Whilst I don’t know Peter, my intervention in San Francisco on this topic was 
on the same line.

Am working with the CISO teams of organizations that have to keep their 
infrastructure for 50 to 100 years long plans (nuclear power stations, 
hydraulic infrastructures, etc.).

And among organizations I engage with, several DO have active plans to migrate 
out from TLS1.2 … but this is very hard!

I learnt the hard way that migration projects are always the hardest possible 
projects vs say build something from scratch.

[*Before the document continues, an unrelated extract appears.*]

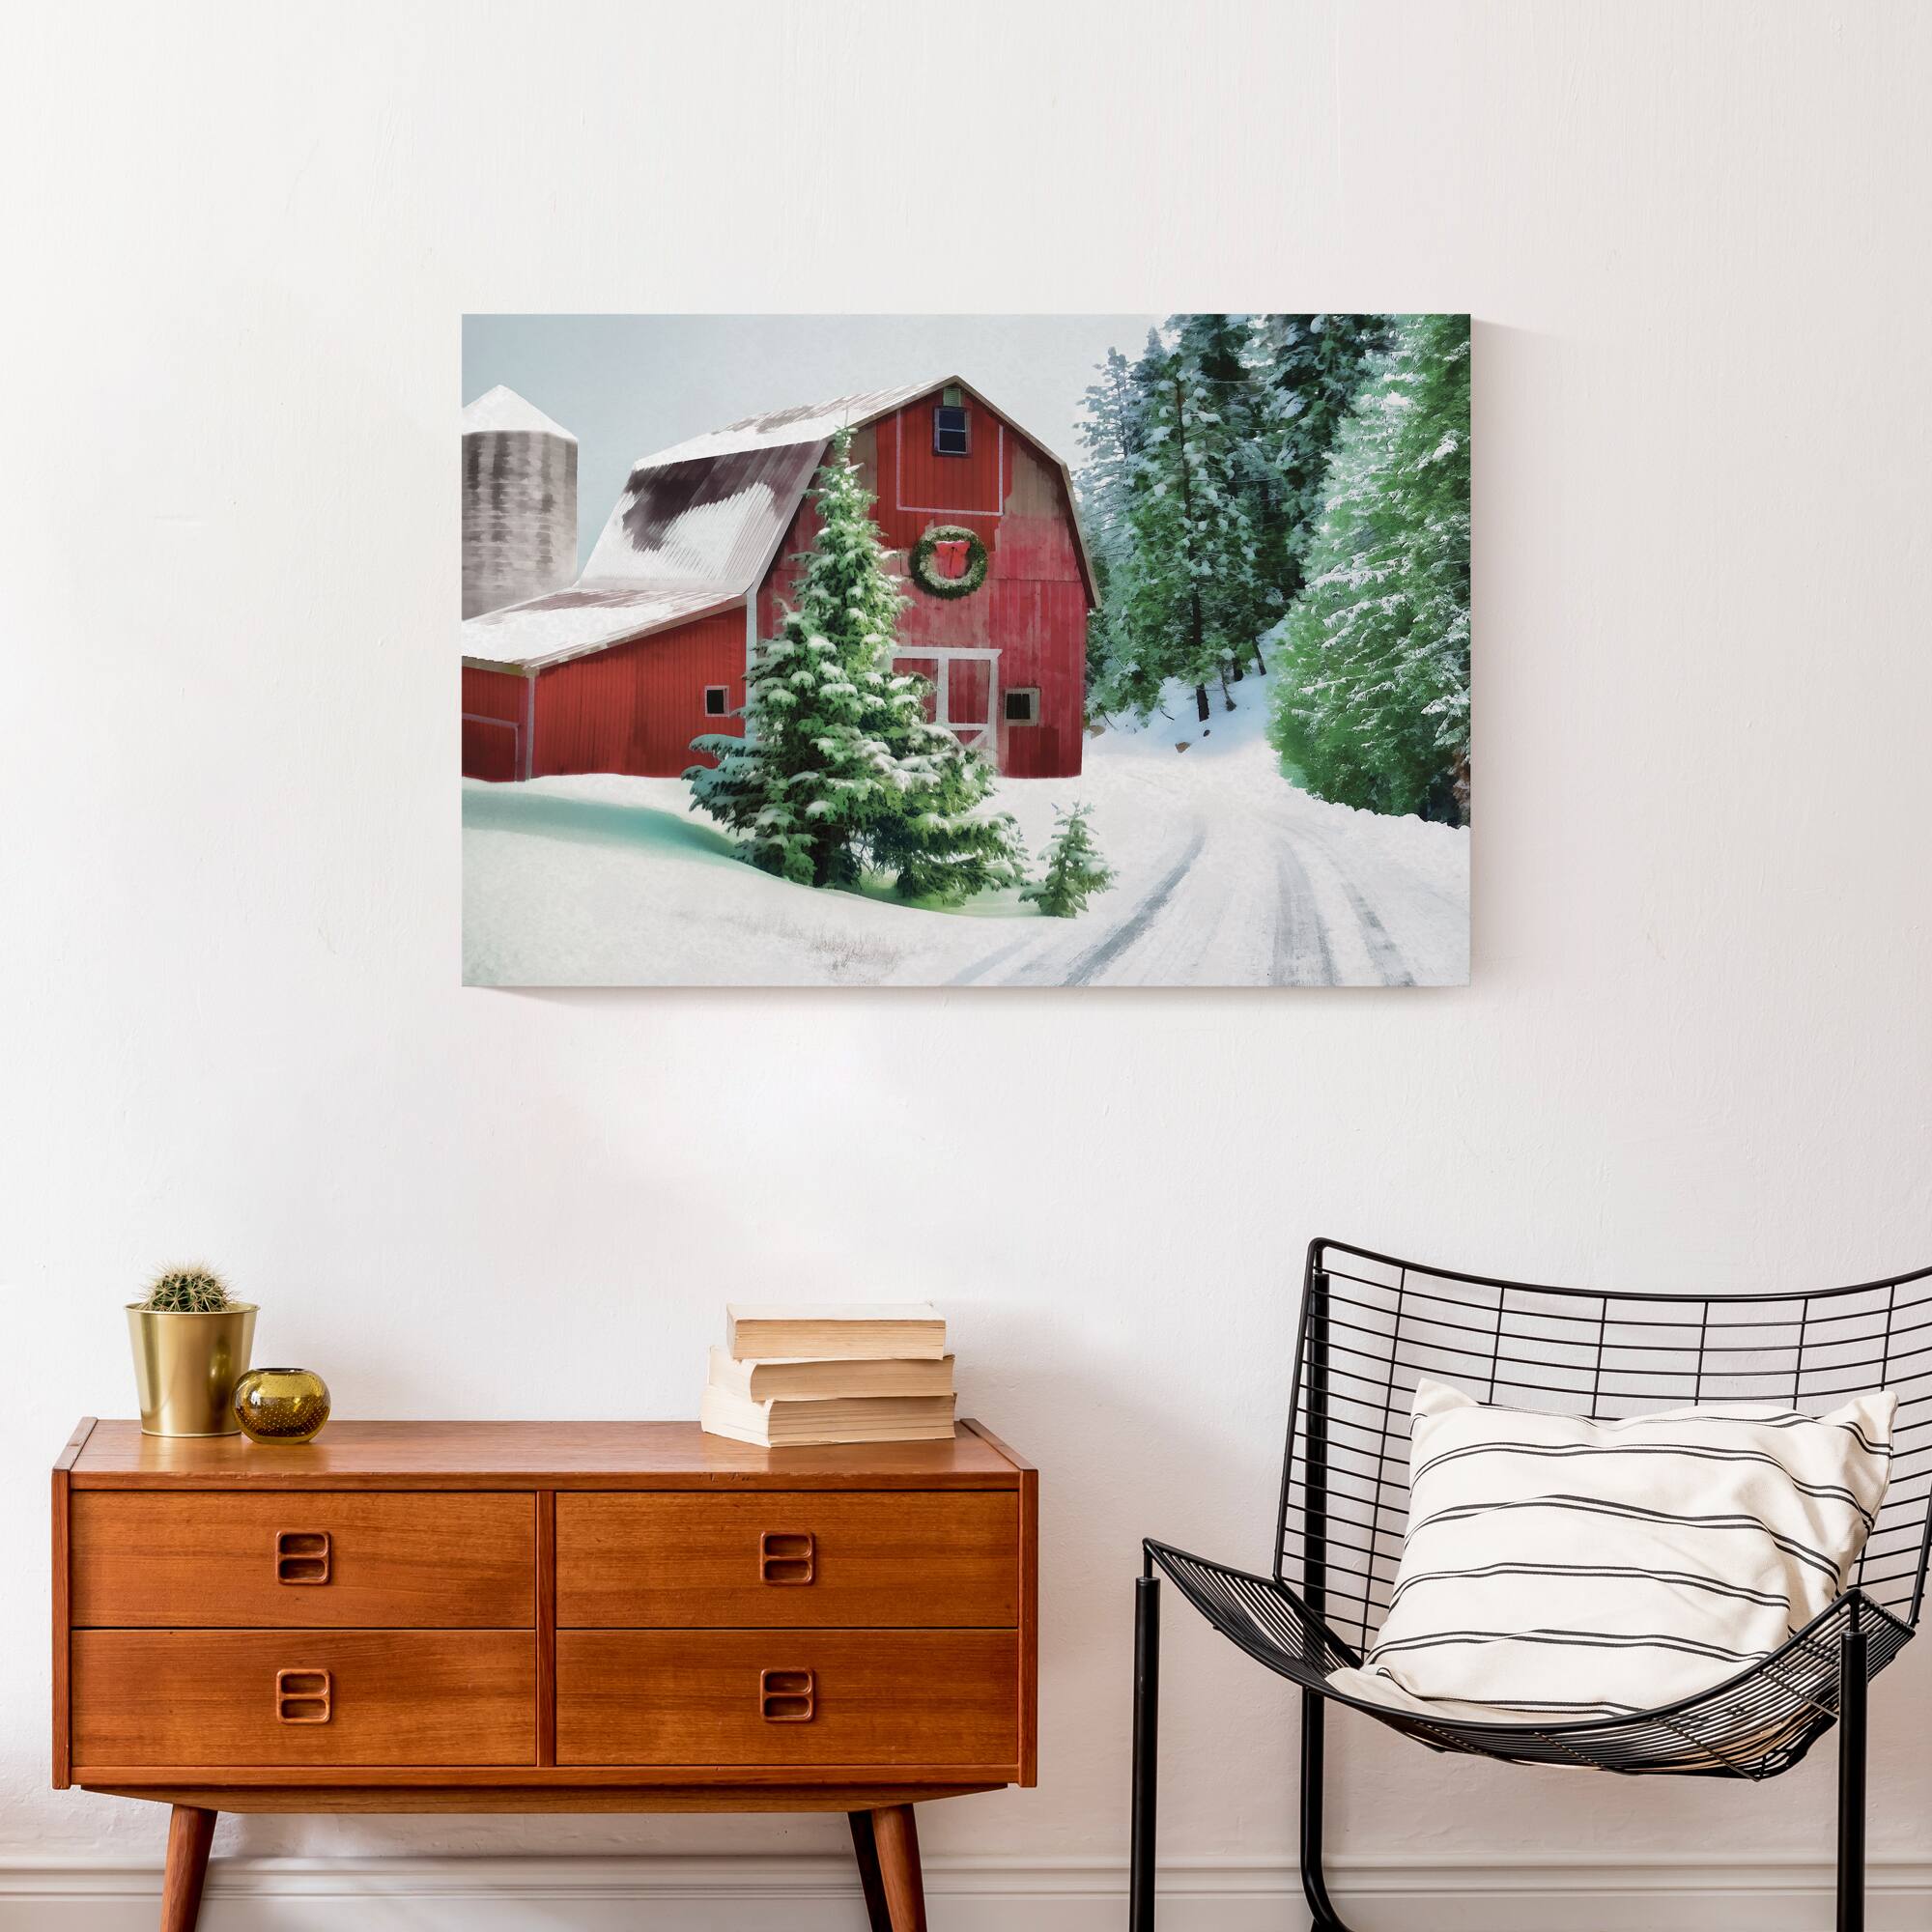 Painted, Snowy Red Barn 30x20 Canvas Wall Art | Christmas Wall Decor ...

Unfortunately there is one large part of the community which is not at the IETF 
ever or anymore to voice those concerns.

Now, on the other hand, I do support the ‘active signals’ approach proposed by 
Rich and the adoption of this text exactly for the reasons expressed by Rich.

My only ‘amendment’ is how we could stay connected with the community which is 
still on TLS1.2 and what is the magnitude of their issues, why, etc.

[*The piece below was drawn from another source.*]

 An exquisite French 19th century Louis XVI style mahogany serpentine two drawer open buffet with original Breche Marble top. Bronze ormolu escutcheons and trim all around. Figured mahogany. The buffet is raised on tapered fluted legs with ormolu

This is why I asked the question whether there would be volunteers to design a 
‘survey’ approach.

This could bring data points from the broader community that could help guide 
this particular area of the work.

If there would be some appetite, designing such a survey is not an easy task 
but should we agree, I would certainly be happy to gain the support from my 
organization to deploy this survey and get feedback from as many organizations 
as possible.

My 0.02 CHF

From: TLS <tls-boun...@ietf.org> on behalf of Salz, Rich 
<rsalz=40akamai....@dmarc.ietf.org>
Date: Tuesday, 12 December 2023 at 18:53
To: Rob Sayre <say...@gmail.com>, Peter Gutmann <pgut...@cs.auckland.ac.nz>
Cc: TLS@ietf.org <tls@ietf.org>
Subject: Re: [TLS] Adoption call for 'TLS 1.2 Feature Freeze'
Peter knows more about long-term embedded systems that use TLS than anyone else 
on this list.  I trust him. Don’t think of things connected to the public 
Internet, but rather things like client-auth missle launching systems, seismic 
(nuclear) monitoring equipment, and the like.  Stuff that you cannot pick up 
anywhere retail off-the-shelf, but is rather purpose-built.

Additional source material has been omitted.